From the beginning to the end of the trial of 18 people alleged to be terrorists, as they were termed by the police, the jurors have heard repeatedly about conspiracies. But which one was real, if any? And who is really on trial: the accused or the police and politicians?

After hearing 171 days of testimony, the jury is expected to begin deliberations this week on charges of attempted murder, possession of dangerous weapons and potentially deadly mischief by the 14 natives and four non-native supporters who surrendered in the late summer of 1995.

The month-long standoff was extraordinarily violent. Tens of thousands of bullets were fired between the holdouts and 400 combat-equipped Mounties. The standoff cost $5.5-million and jeopardized relations between natives and non-natives in Canada. Amazingly, no one was killed.

What began as a straightforward trial 10 months ago has become an unprecedented inquiry into RCMP operations, a plunge into Canadian history and constitutional law, an endurance test for the jury, an estimated $5-million public expense and a sometimes circus-like event.

In their summations last week, government prosecutors asked the jury to find simple answers -- "guilty as charged" -- to what the defence argued was no criminal event but a reflection of complicated and unfinished business between Indians and non-natives in Canada.

Past injustices are history and Canadian law prevails, Crown attorney Lance Bernard said. The defence team countered that the context of the events is crucial. The jury's decision is certain to be seized on by the native sovereignty movement.

According to prosecutors, the standoff at a remote campsite in central British Columbia started out as a police investigation into a land-title dispute between a rancher and some native spiritual leaders.

A few radical natives abetted by Ontario lawyer Bruce Clark decided to make a defiant stand for native sovereignty, persuading other Indians that they could challenge what they considered to be racist policies inherent in Canadian law and politics. Or, according to the Crown, the radicals said they would become martyrs for a seething generation of younger Indians.

The defence lawyers and Mr. Clark portrayed the standoff as a connivance between police and B.C. politicians to vilify the natives, to crush public belief in the legitimacy of their cause and to halt the spread of Indian land claims.
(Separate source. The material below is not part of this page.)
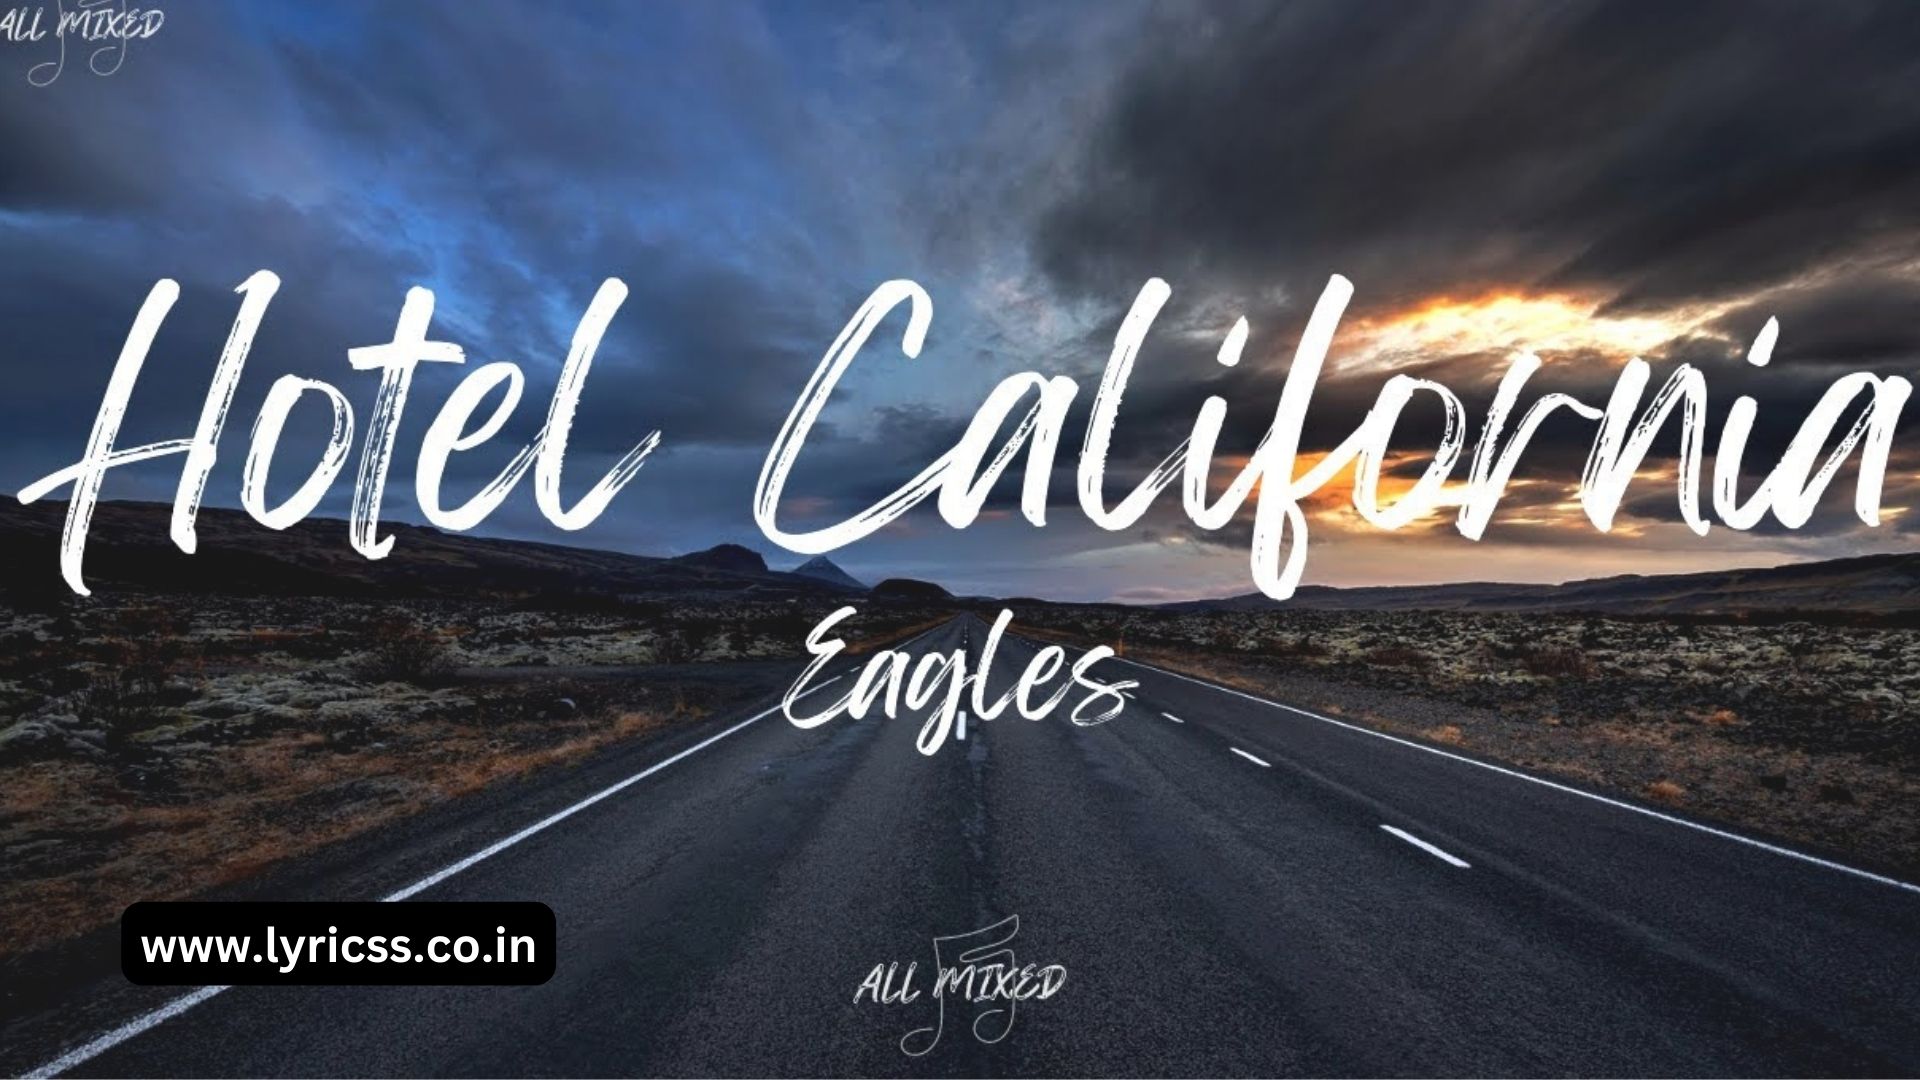 EAGLES HOTEL CALIFORNIA LYRICS | Eagles - Hotel California

And, if necessary, to kill the natives.

The defence said the besieged Indians were legally entitled to a desperate self-defence against the police snipers, helicopters and armoured personnel carriers that pursued them in the woods.

Even in a province with a history of poor relations between natives and non-natives, and in the shadow of recent findings by the Royal Commission on Aboriginal Peoples, the defence's claims still upset the traditional non-native view of law, order and political integrity.

The four defence lawyers, however, have spent months eliciting startling revelations by the police about mistakes and remarks during their manoeuvres against the barricaded Indians that raise all sorts of questions.